## [Given material]

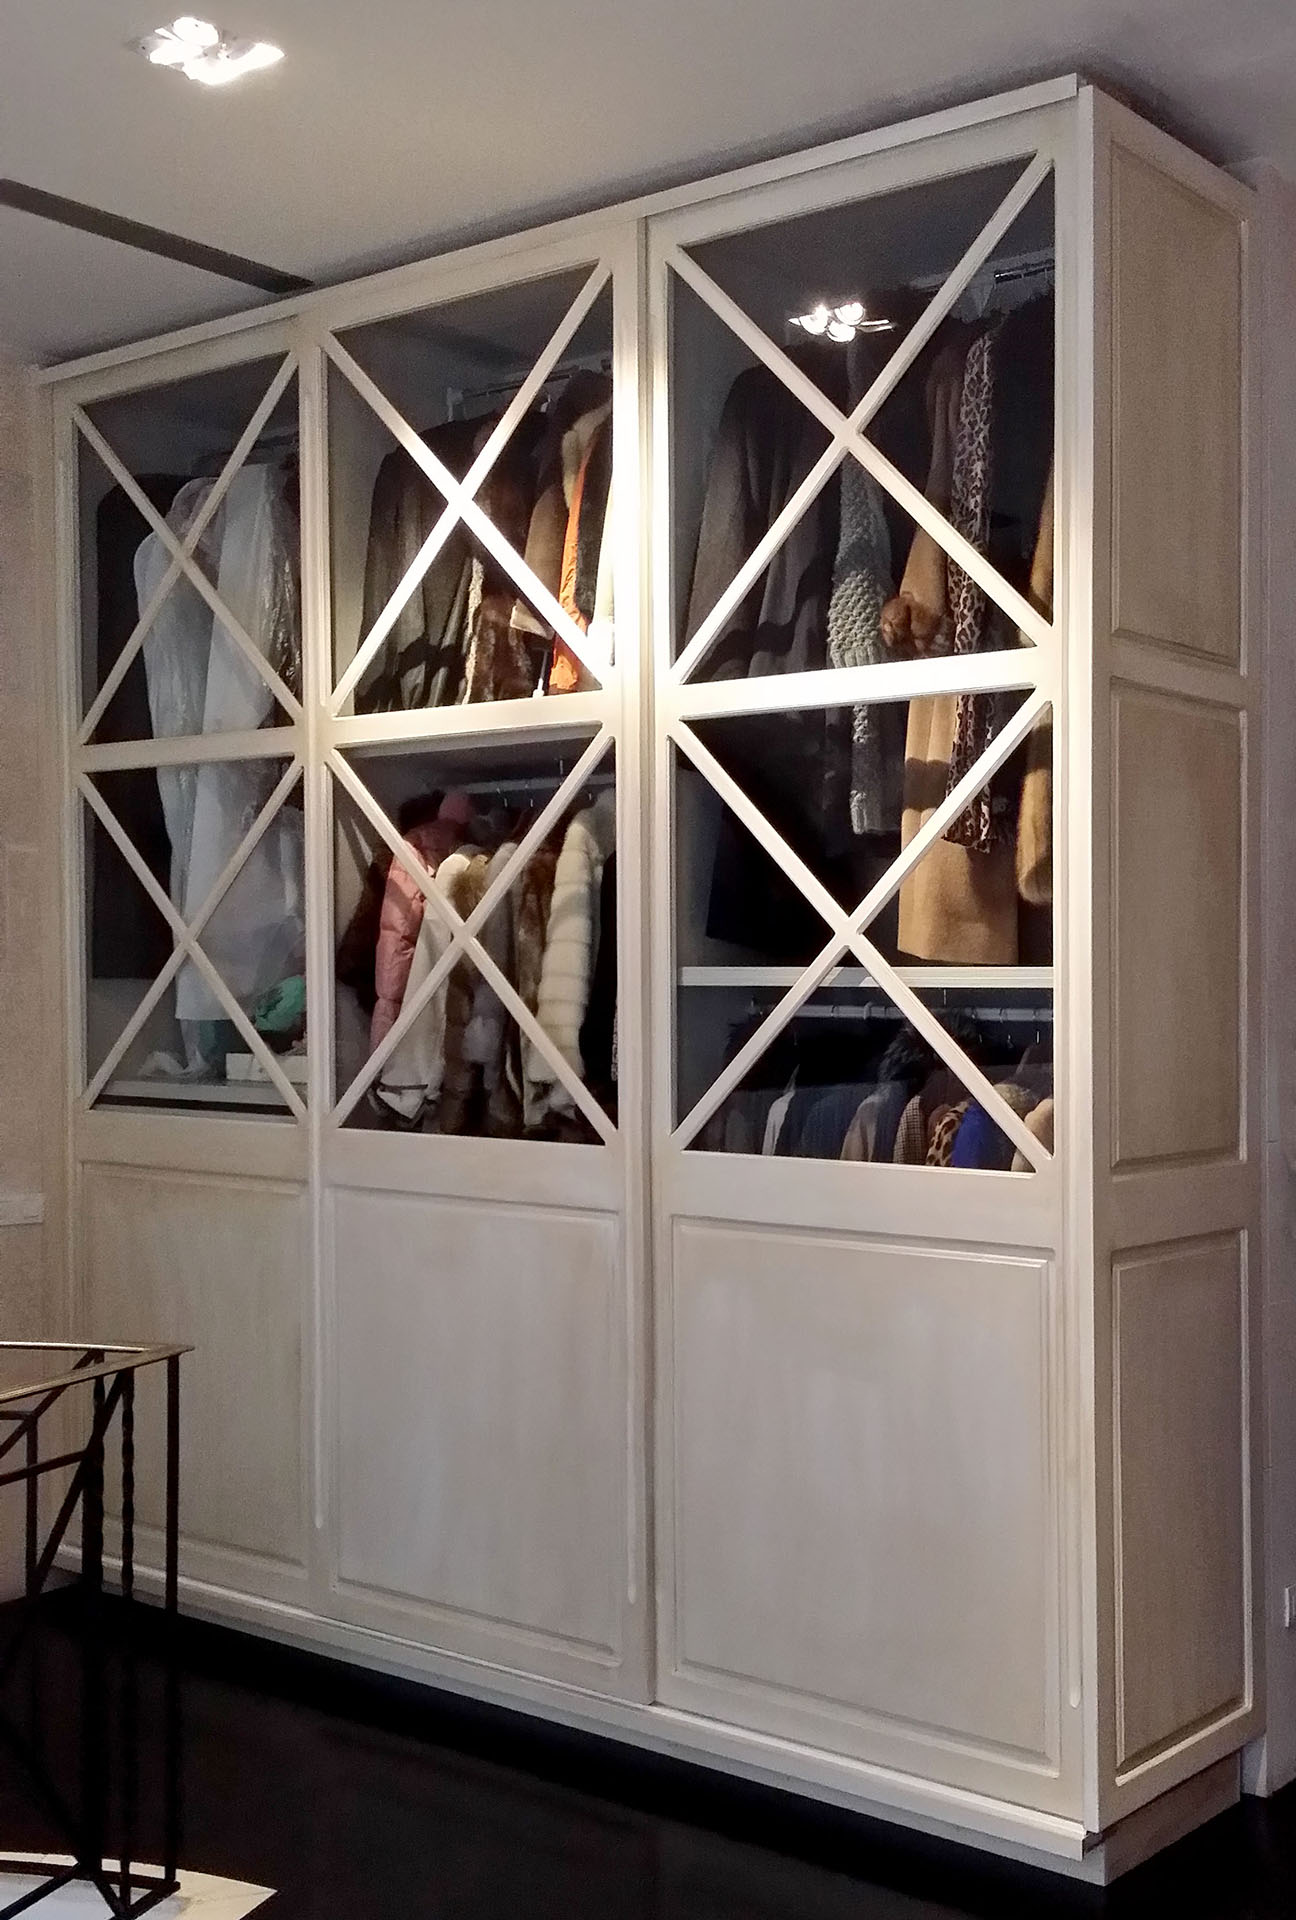 armario de madera en color blanco roto con frente de madera y cristal
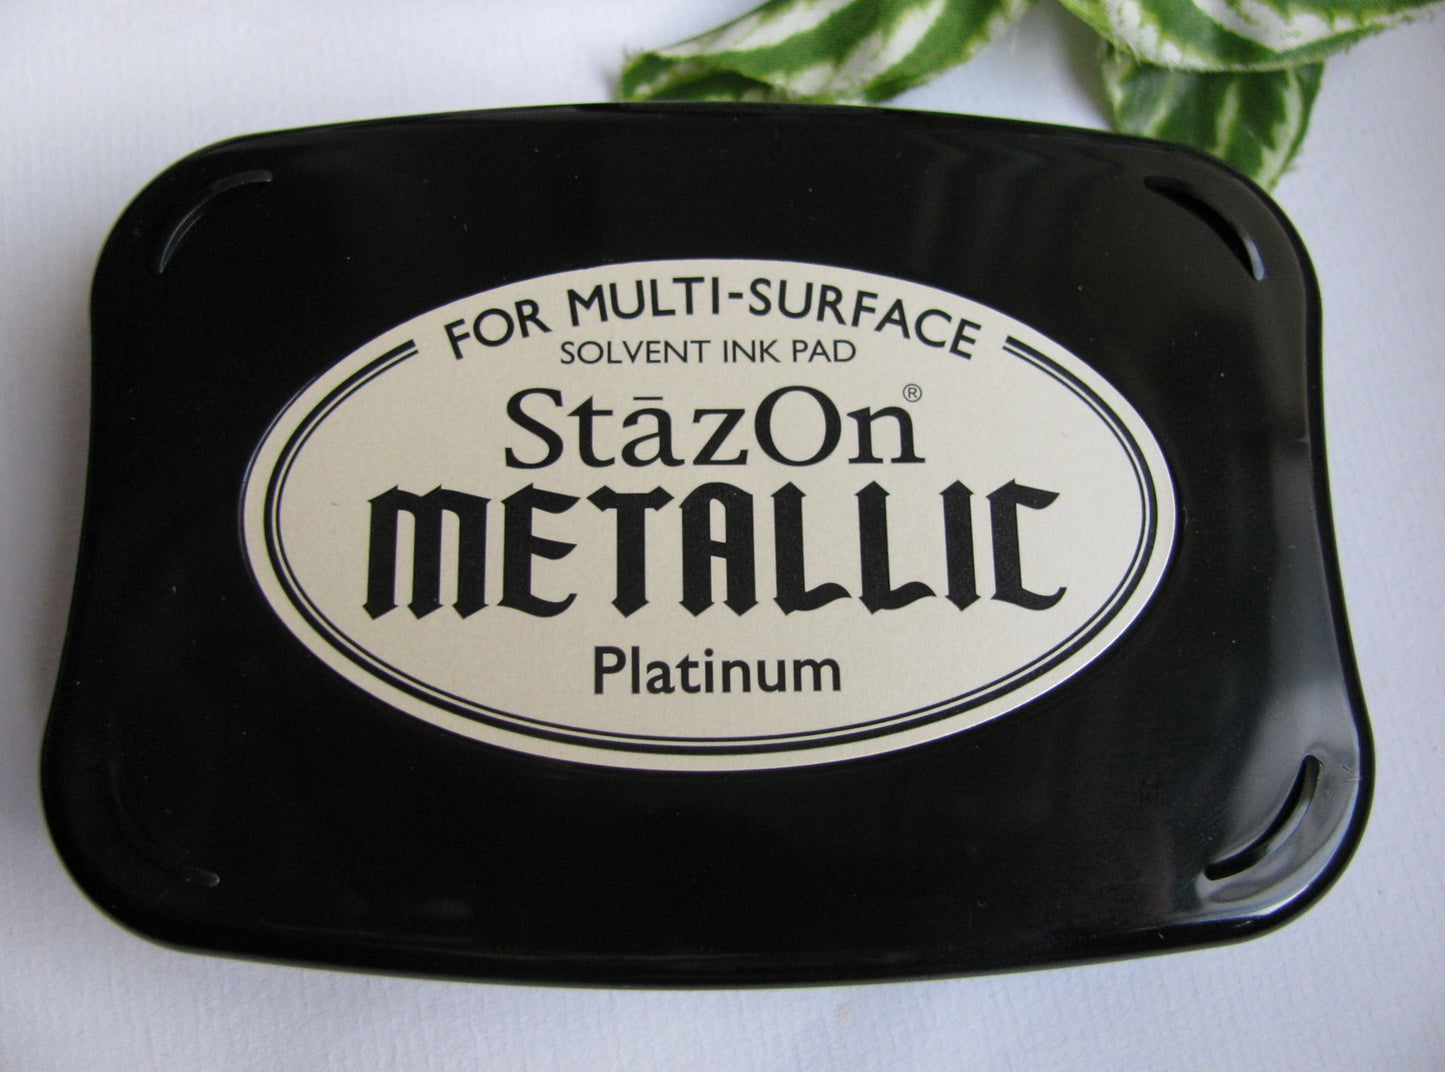 StazOn Stempelkissen Metallic Platinum mit Auffüller, Tsukineko, Wasserfest
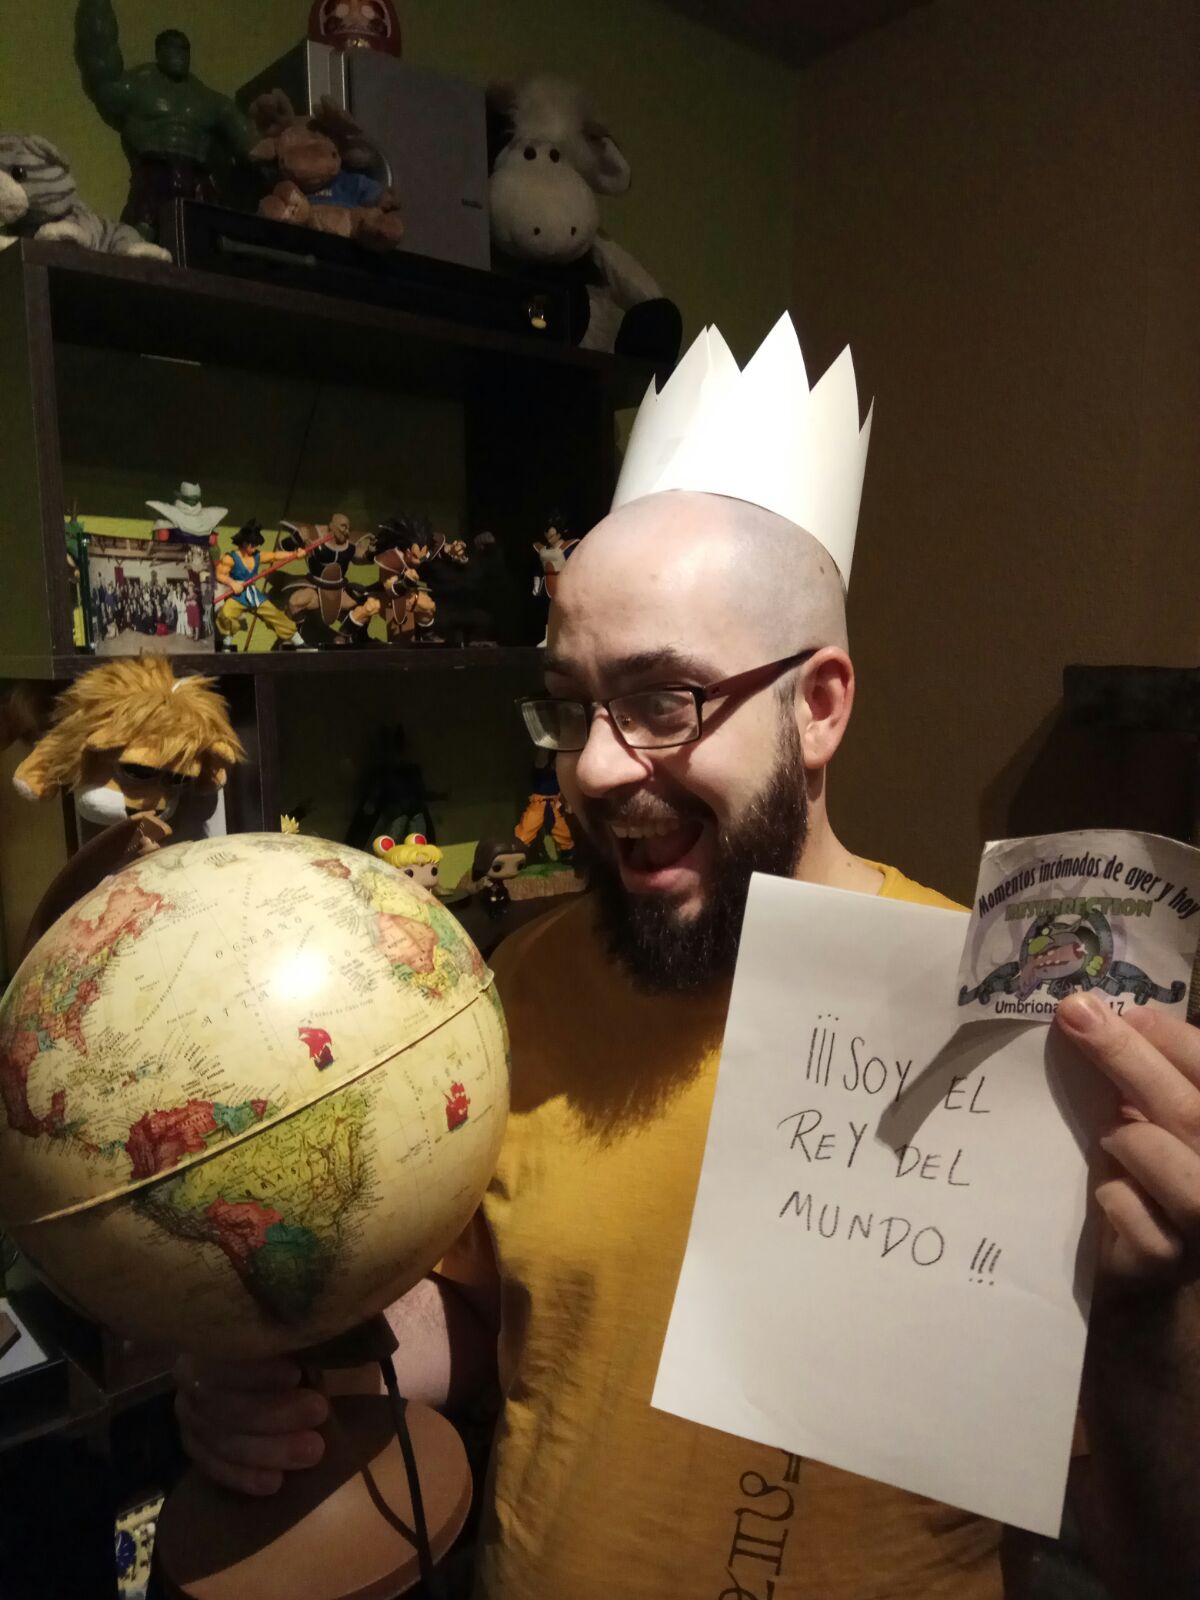 91. Con una bola del mundo en una mano, una corona en la cabeza y un cartel que diga ¡Soy el rey del mundo!
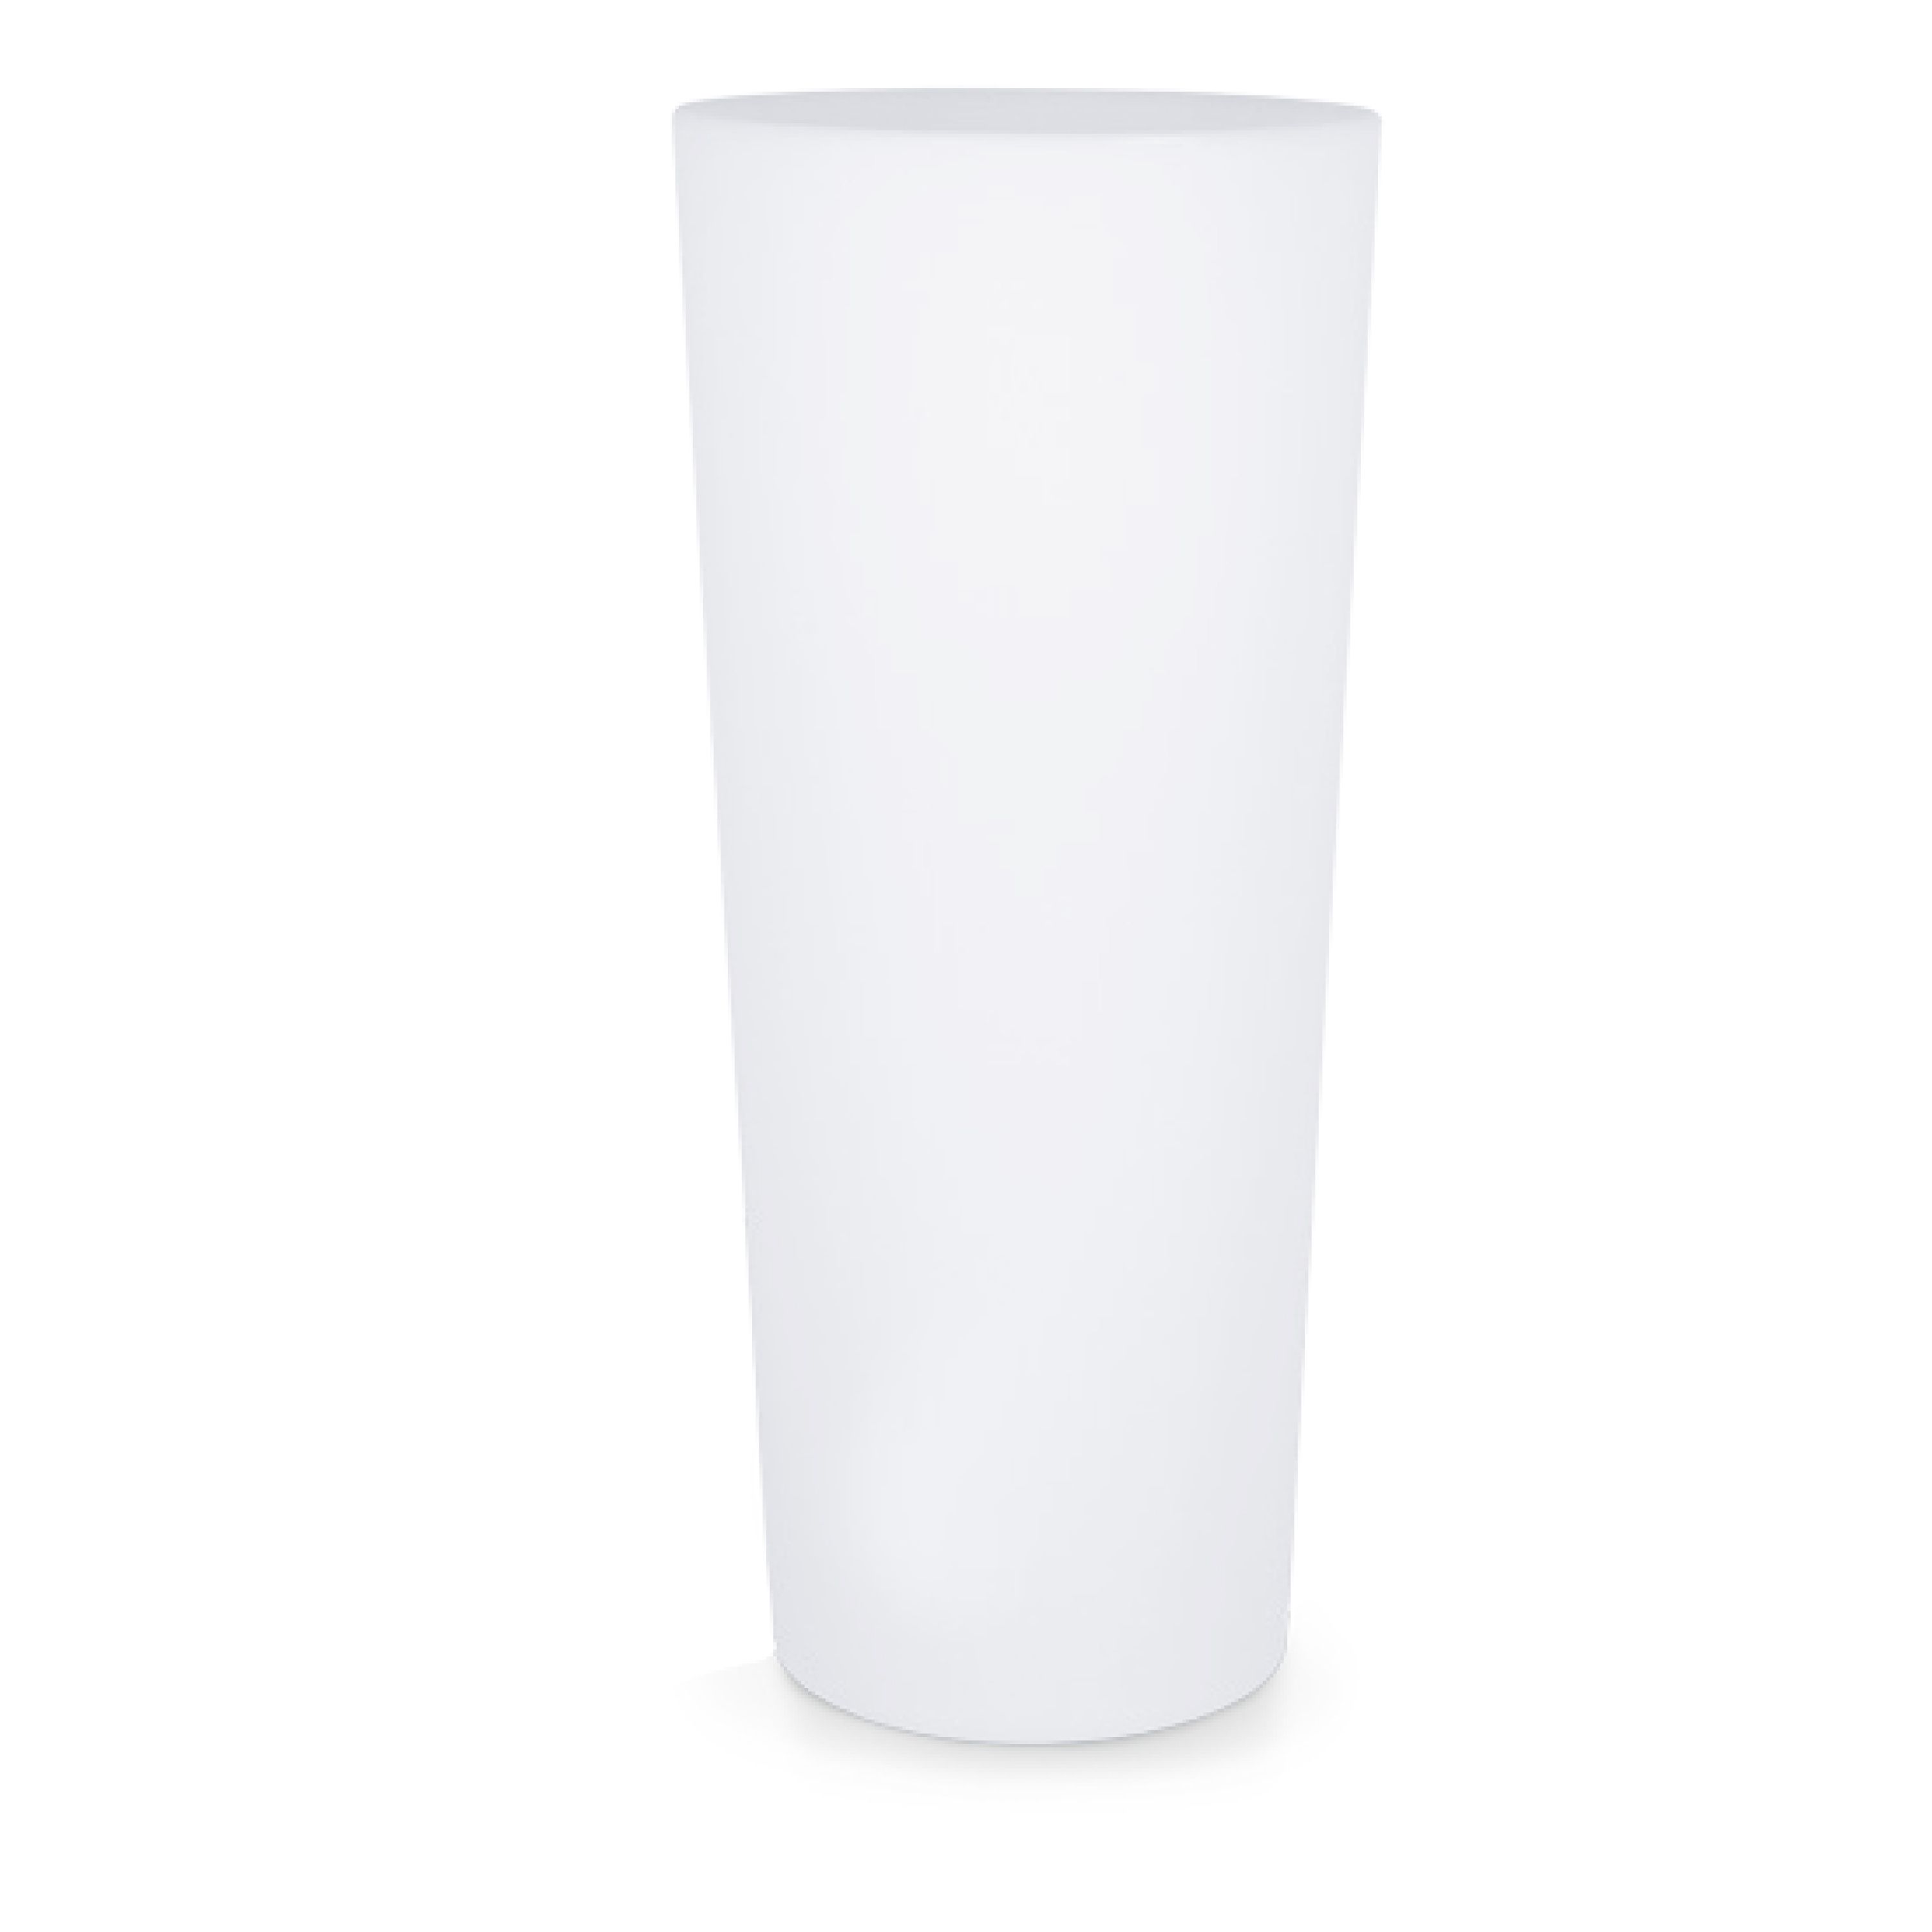 Polyethylene lumineux vase sined rotondo solar 102

## [Task instructions]
Give an exact copy of the data, and omit any pictures it holds.

## [Answer]
 armario de madera en color blanco roto con frente de madera y cristal
 StazOn Stempelkissen Metallic Platinum mit Auffüller, Tsukineko, Wasserfest
 91. Con una bola del mundo en una mano, una corona en la cabeza y un cartel que diga ¡Soy el rey del mundo!
 Polyethylene lumineux vase sined rotondo solar 102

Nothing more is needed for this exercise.